Is anyone else going to enjoy a weekend off from Monster Energy NASCAR Cup Series racing? Me neither, I was only checking on you.
Real NASCAR fans would love to see 52 weeks of NASCAR Cup racing. But the competitors do need a break, and maybe the reality is that a little less NASCAR racing might be good for the health of the sport without cutting into the fan base. Formula One and the NTT IndyCar Series do a good job of making their series a little scarce, and Formula One has done a good job capitalizing on that scarcity.
The More Things Change
“Change is inevitable except from a vending machine.” – Robert Gallagher
Each week, we hear more rumors about changes coming to NASCAR. The rumors have covered possible changes to everything with the car, the schedule and the rules going forward. There is no doubt that NASCAR is headed toward huge changes, and most of those are the result of money.
Turn back the clock a few years and the points fund was $75 million a year thanks to the Sprint sponsorship. NASCAR brass has been very secretive about how little Monster Energy is paying right now after bragging before Sprint left that their next deal would be over $100 million per year.
Thankfully, the television deal was amazing thanks to the emergence of a new sports channel wanting to make a big splash. But with television ratings so-so and attendance at the tracks so-so, that means a further drop in sponsorship will lead to more woes for NASCAR teams.
The next generation of racecar needs to garner more corporate support from the auto manufacturers or the teams will be in for big financial issues. Some of the changes like adding hybrid technology to the cars goes against what so many people fell in love with about NASCAR racing. As high-tech as this sport has become, the basic engine technology and rear-end gear parts still date back to a much earlier time in NASCAR history. Yes, technology has modernized them, but they no longer offer the manufacturers a testing ground for current product. We might not want to see all the changes coming to NASCAR but the alternative might be even worse. The more things change, though, the more NASCAR might distance themselves from the old-school fans that helped build the sport over so many years.
That Famous NASCAR Sound
Each sport has its famous sound – the crack of the bat in baseball; the swoosh of the net in basketball; the thud of a hard hit in football. Even each type of racing has its particular sound. Before each NASCAR race, as the television pit-road reporters are setting up the broadcast, you hear the sound of NASCAR – the impact wrench hitting five lug nuts! This week, rumors hit the media that Goodyear and NASCAR might be making huge changes to the next generation of tires and how they are put on the cars. Instead of the current five lug nut system, NASCAR might switch to a single nut assembly in the middle of the wheel.
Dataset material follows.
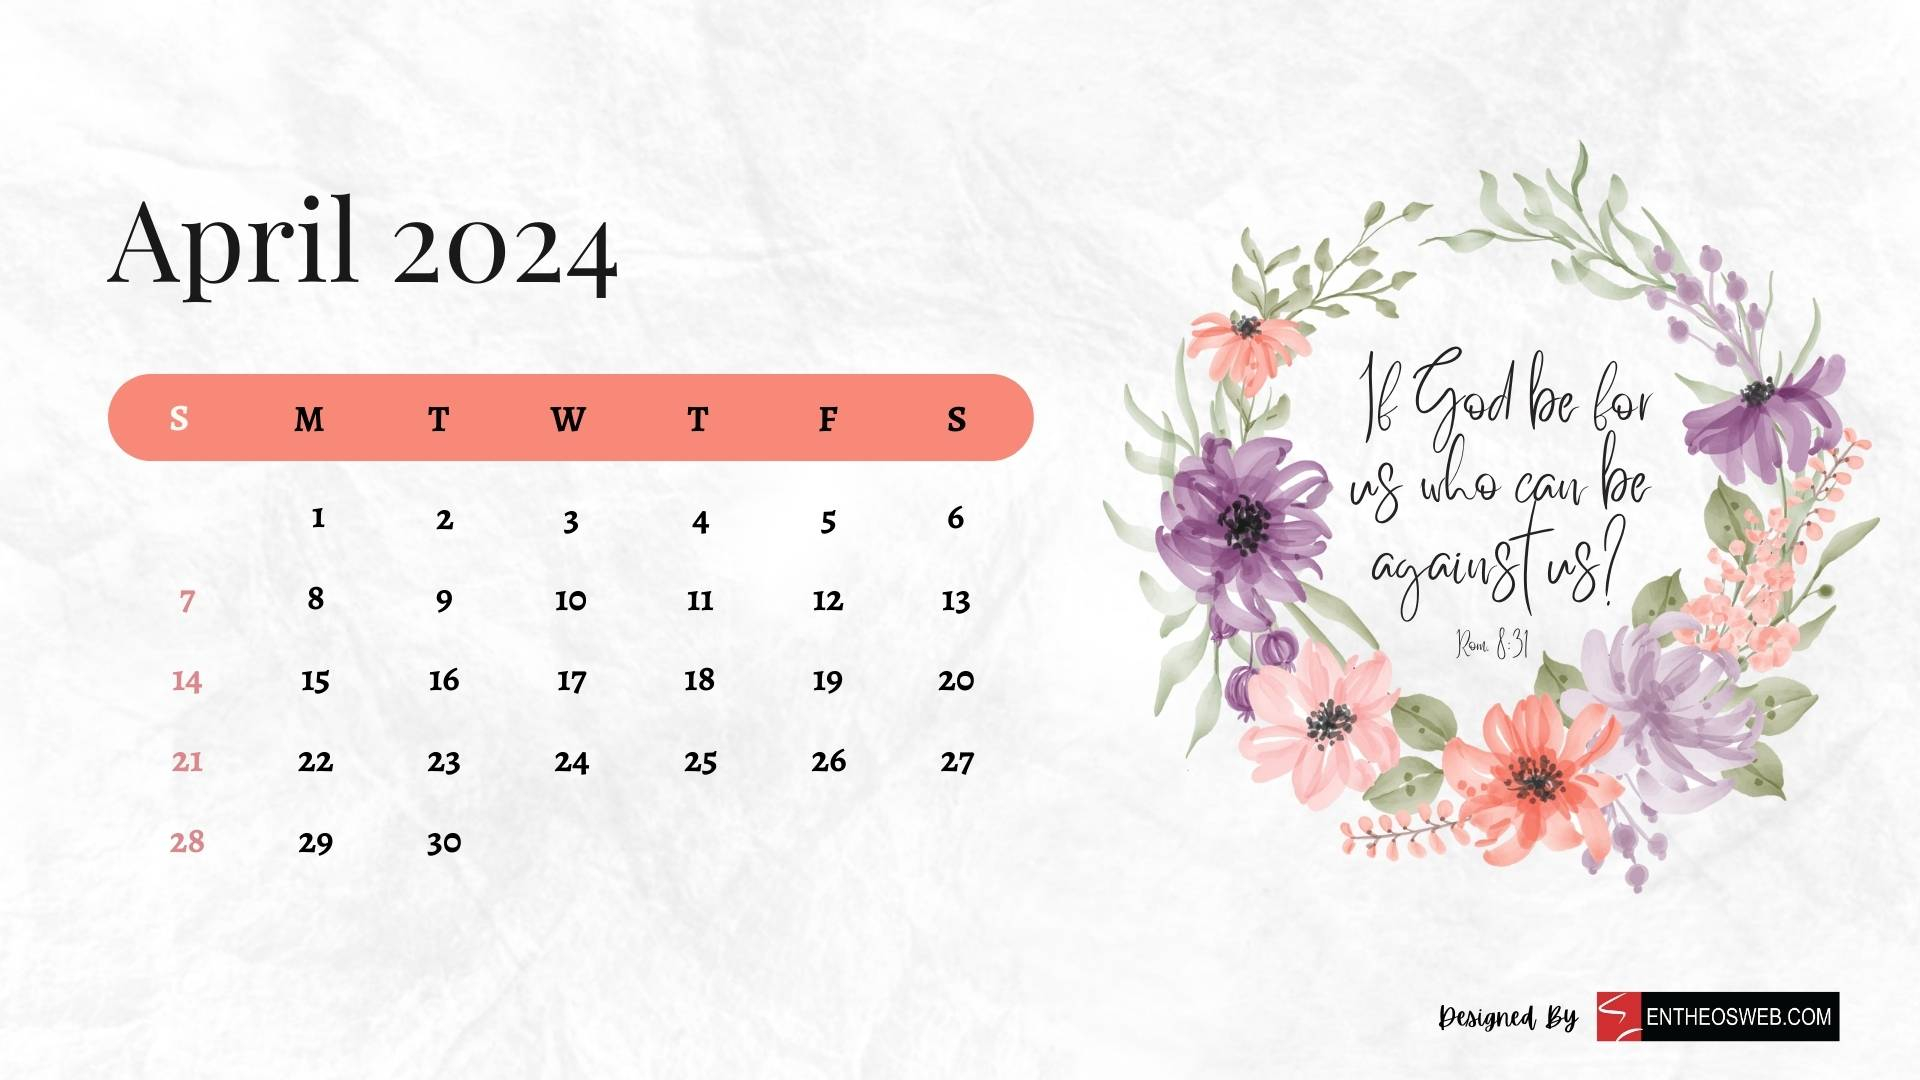 2024 Christian Calendar Wallpaper | Entheosweb in April 2024 Calendar Wallpaper

While this is the norm in most forms of racing, the closest in weight to a NASCAR car using this method is a much lighter sports car. The stress on the hubs in sports car racing are not all loaded up in one direction as they are on a high-banked NASCAR superspeedway either. While I am sure the engineers in the sport have managed this problem, this move would remove the famous sound that instantly identifies that a NASCAR race is about to happen.
The Guido Effect
“Money buys speed. How fast do you want to go?” – Banjo Matthews
Edwin Keith “Banjo” Matthews coined that phrase during the early days of NASCAR to promote his performance center. This mechanical genius was called the “Henry Ford of NASCAR” by none other than the legendary Smokey Yunick, who knew a thing or two about speed himself.
While the cost of racing in NASCAR has skyrocketed over the years, that old adage is just as true today as witnessed by how tough it is for a small team in the sport to take down the big dogs. The first time I saw Matt Guido DiBenedetto race at a short track in North Carolina in a late model stock car, I knew this kid was special. It’s that same effect when you watch a high school football team and you don’t need a program to identify the kid going to Alabama on a scholarship next season — his ability stands out that much.
The fans went nuts when Guido finished second last week at Bristol Motor Speedway, coming so close to punching his ticket to the NASCAR Cup playoffs with a small team that just announced he is not coming back next season. While NASCAR fans all have their favorite driver, their second-favorite is that underdog who has that chance for an unlikely win.
Turn back the clock and an underdog performance like Guido’s Bristol run would catapult him up the ranks of NASCAR with a bigger and better team wanting him next year. But the success of Guido on the track and his failure to be a contender for any seat with a big team is a sign of the times in NASCAR.
Stock-car racing was the last form of major league racing to be dominated by the almighty dollar when it came to driver choice. Owners have realized it’s easier to find a somewhat talented driver with sponsor money or a big checkbook from mom and dad than to find the sponsorship needed to support a poor driver.
As we watch DiBenedetto’s quest for a ride in 2020 and beyond, the “Guido Effect” will show fans how money is 99% of what matters in the sport today.